评分: 5置信度: 42023-11-04

This paper proposes a framework for training and evaluating RL-based recommender systems, which uses large language models (LLMs) to simulate human behavior and rate recommended items.

优点

The paper proposes a user simulation framework based on large language models, which can alleviate the problems of data scarcity and model evaluation for reinforcement learning based recommender system.
The paper designs a flexible and extensible environment based on reinforcement learning principles, which can interact with different LLMs and recommendation strategies.
The paper provides a modular framework and open-source code, which is a valuable tool for the recommender system domain. It helps researchers and developers to train and evaluate reinforcement learning based recommender systems without real user interactions.

缺点

The manuscript could benefit from more robust experimental support. The absence of comparisons with other simulation algorithms may impact the persuasiveness of the paper.
The paper appears to lack some key experiments that validate the effectiveness and advantages of RL training in the proposed environment. While the paper presents ablation studies on different components of the environment, it does not compare the RL-based recommender system with other baselines or state-of-the-art methods on real user data or benchmark datasets. It would be advantageous if the authors could include such experimental validations in future research.
The use of LLMs to generate synthetic users is an innovative approach that leverages the powerful capabilities of LLMs to simulate human behavior and preferences. However, the paper does not evaluate the quality and diversity of the user generation, nor does it compare it with real user data. This could potentially lead to biases and inaccuracies in the simulation. It would be beneficial if the authors could delve deeper into this aspect in future research.
The related work section of the paper seems too general and lacks precision. It does not adequately highlight the differences and connections between their work and existing research. It would be advantageous if the authors could elaborate more on the relationship and uniqueness of their work in relation to existing research, to enhance the depth and breadth of the paper.

问题

Can the author provide a distribution chart for scores predicted by LLMs and actual scores? The numbers reported in the table do not provide an intuitive image. On the other hand, it is more important to focus not on the overall score distribution, but on the differences in scoring for each item (it is possible for the overall score distribution to be the same, but with significant differences in individual item scores).
What is the difference between the last two rows in Table 1? Is it a type error?
Comparing rows 3-8 in Table 1 with the 9th row, it can be observed that the model is very good at distinguishing between High and Low Ratings on a scale of 0-9. However, when the score scale changes to 1-10, there is a significant decrease in performance. Does this indicate that the model can only identify very poor items? (0 score)
I suggest the author showcases the performance of several traditional models and conventional RL methods, under your reward metric (Figure .4a)

2023-11-20

Can the author provide a distribution chart for scores predicted by LLMs and actual scores? The numbers reported in the table do not provide an intuitive image. On the other hand, it is more important to focus not on the overall score distribution, but on the differences in scoring for each item (it is possible for the overall score distribution to be the same, but with significant differences in individual item scores).

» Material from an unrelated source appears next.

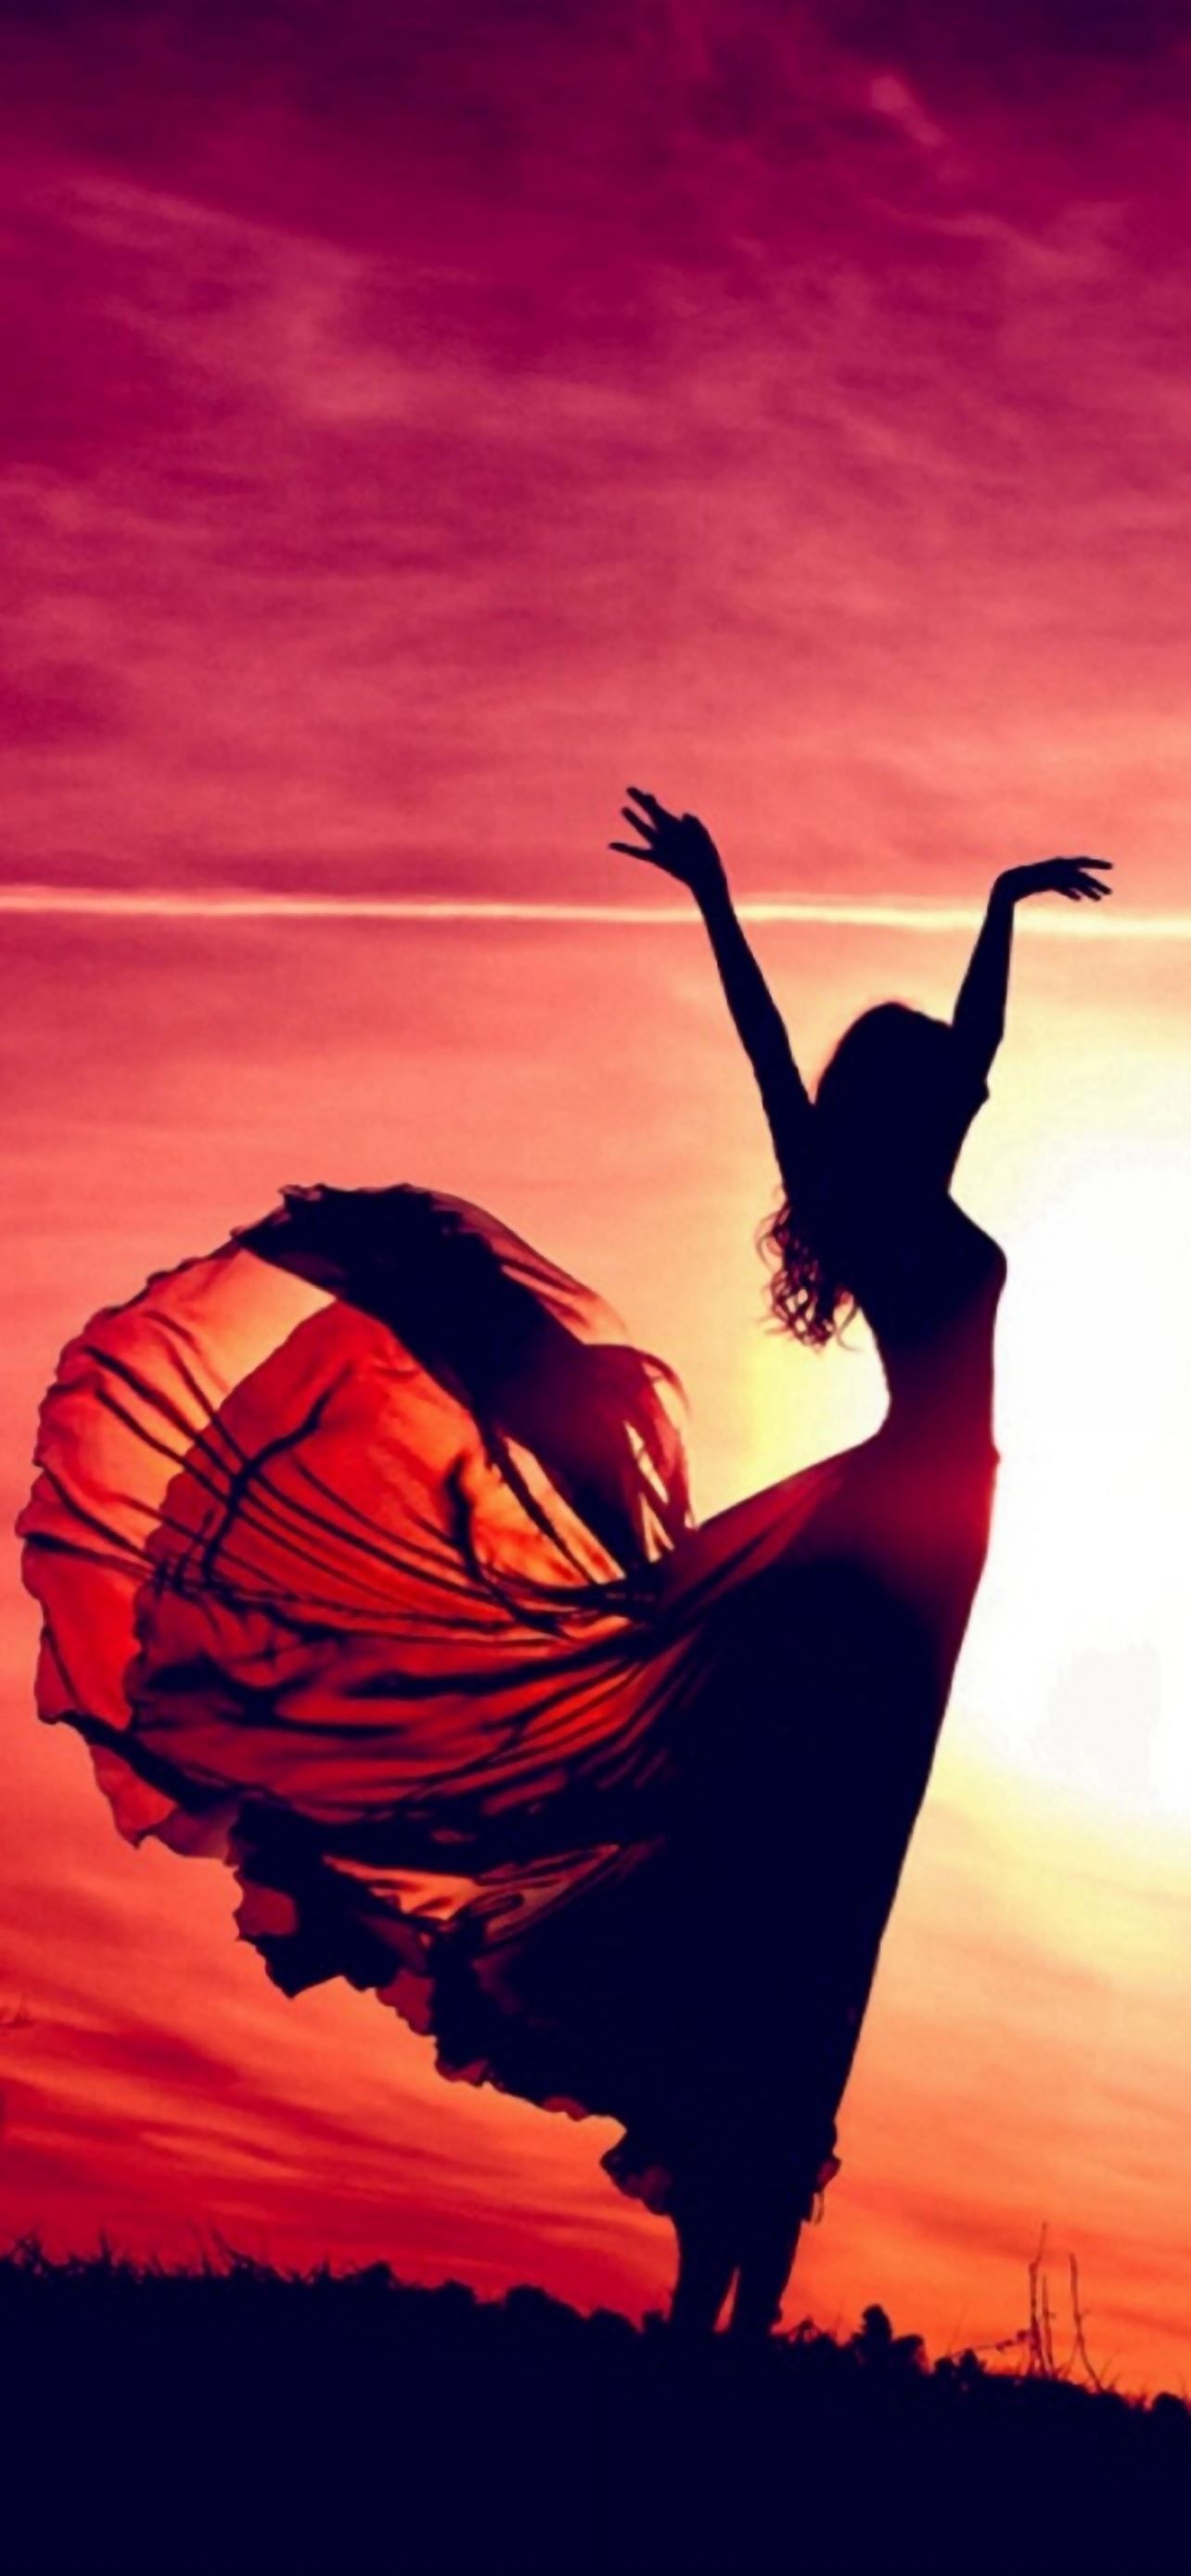 Aesthetic Dancing Sunshine Beauty Girl iPhone Wallpaper Free Download

We have added a graph of the score probability distribution in Figure 5 (Appendix D.1) of the revised manuscript.

What is the difference between the last two rows in Table 1? Is it a type error?

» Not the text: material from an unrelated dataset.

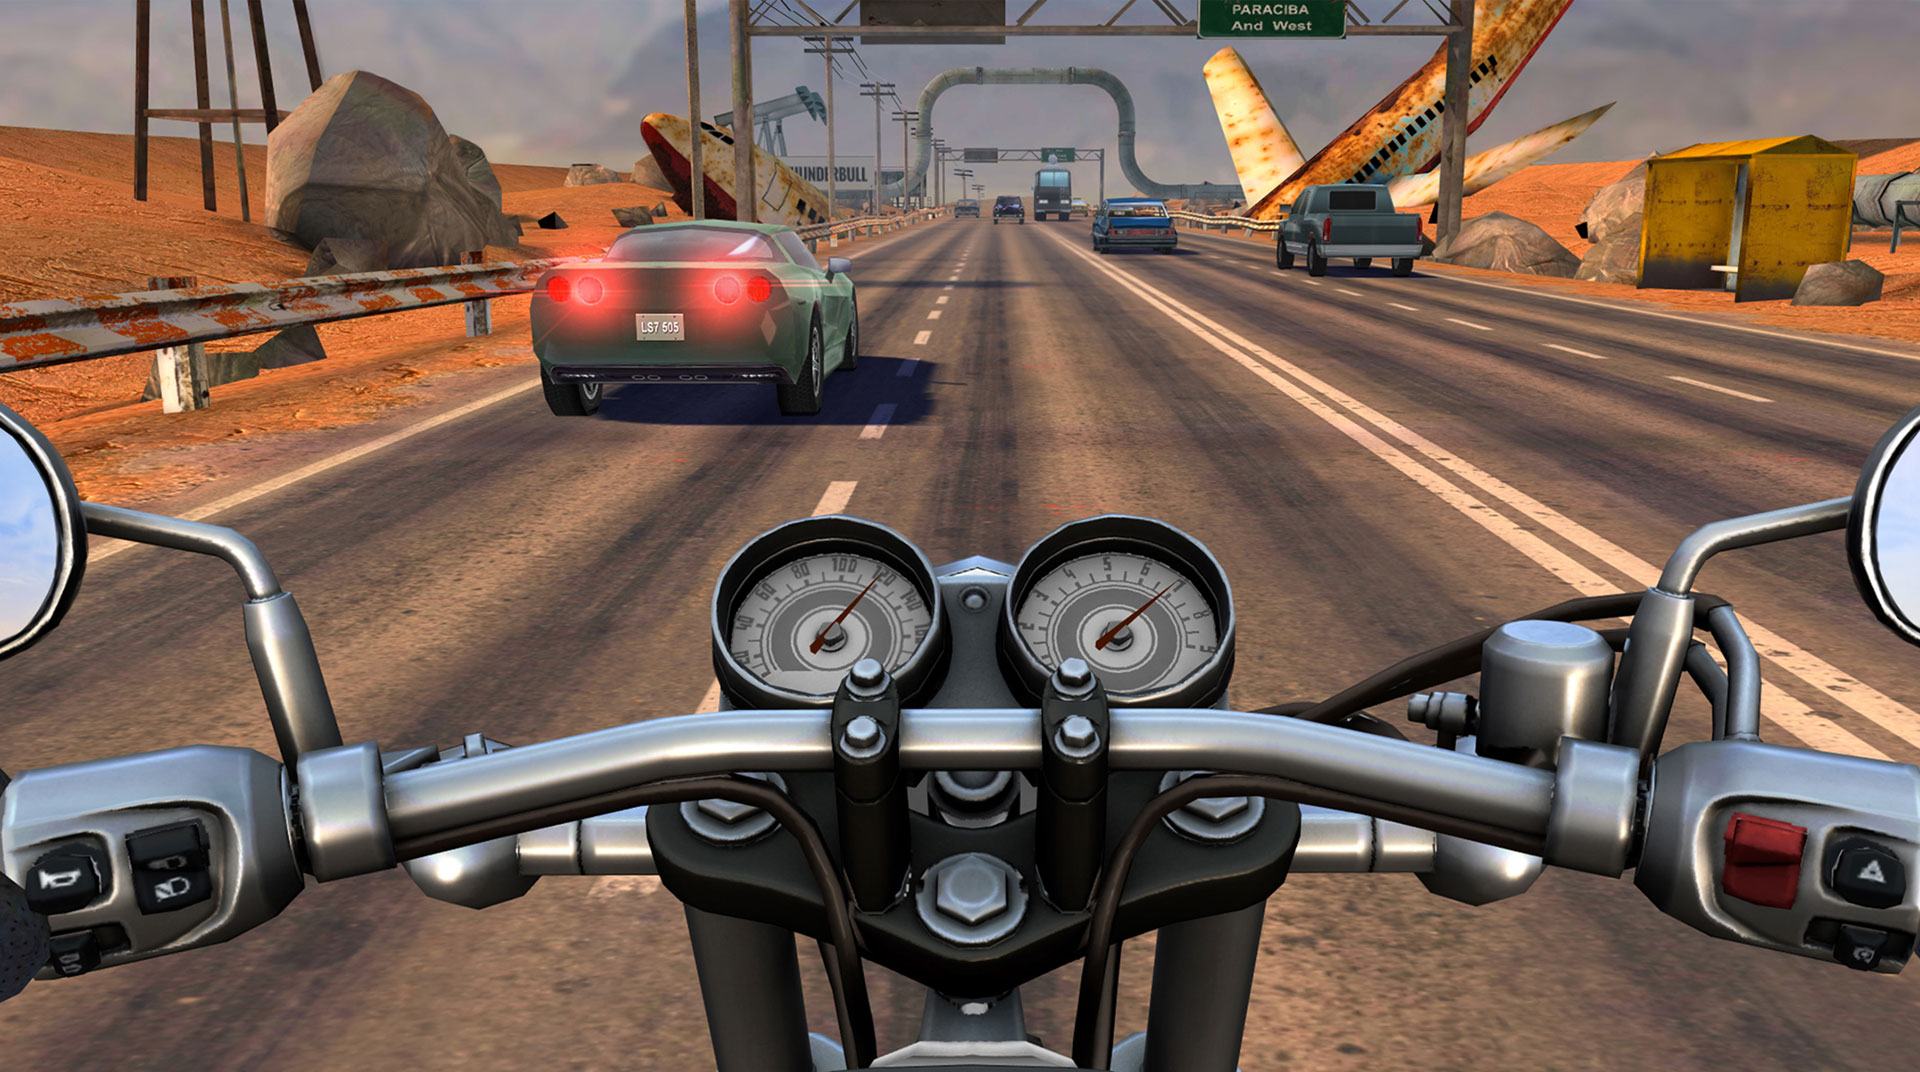 moto rider in traffic

Not an error, these are two different strategies of prompting, in one case “1-10” refers to the digits between “1” and “10” in the prompt, while “one-ten” refers to ratings in the prompt which were written in words (“one”, “two”, “three”, ..., “ten”) (cf. 4th paragraph section 4.1). We have updated the table captions to better reflect this in the revised manuscript.

Comparing rows 3-8 in Table 1 with the 9th row, it can be observed that the model is very good at distinguishing between High and Low Ratings on a scale of 0-9. However, when the score scale changes to 1-10, there is a significant decrease in performance. Does this indicate that the model can only identify very poor items? (0 score)

We found this to be an interesting problem. We believe this is related to the ambiguity of the tokenization, however, we were unable to find any research discussing this issue. In general, the 0-9 scale performs much better than the 1-10 scale in almost all of our experiments, mainly because the token “10”, which represents the best score, can be tokenized in 2 ways, either the token “10” directly or the token “1” and then the token “0” (cf. 4th paragraph section 4.1). In these experiments, the 0-9 scale outperforms the 1-10 scale significantly. This is because, in the 0-9 scale, when the language model assigns a high rating, it directly corresponds to the token “9”. In contrast, in the 1-10 scale, the model occasionally generates the rating “10” by producing the digits “1” and “0” separately, whereas, in some cases, the model generates the EOS-token after computing the token “1”, leading the model to obtain a high loss since it predicted score (1) compared to the true score (10).

I suggest the author showcases the performance of several traditional models and conventional RL methods, under your reward metric (Figure .4a)

In the revised manuscript, we added more experiments on training RL methods like PPO, A2C, DQN and TRPO. The experiments can be found in Section 4.3.

References:

[1] Rohde, et al. (2018). Recogym: A reinforcement learning environment for the problem of product recommendation in online advertising.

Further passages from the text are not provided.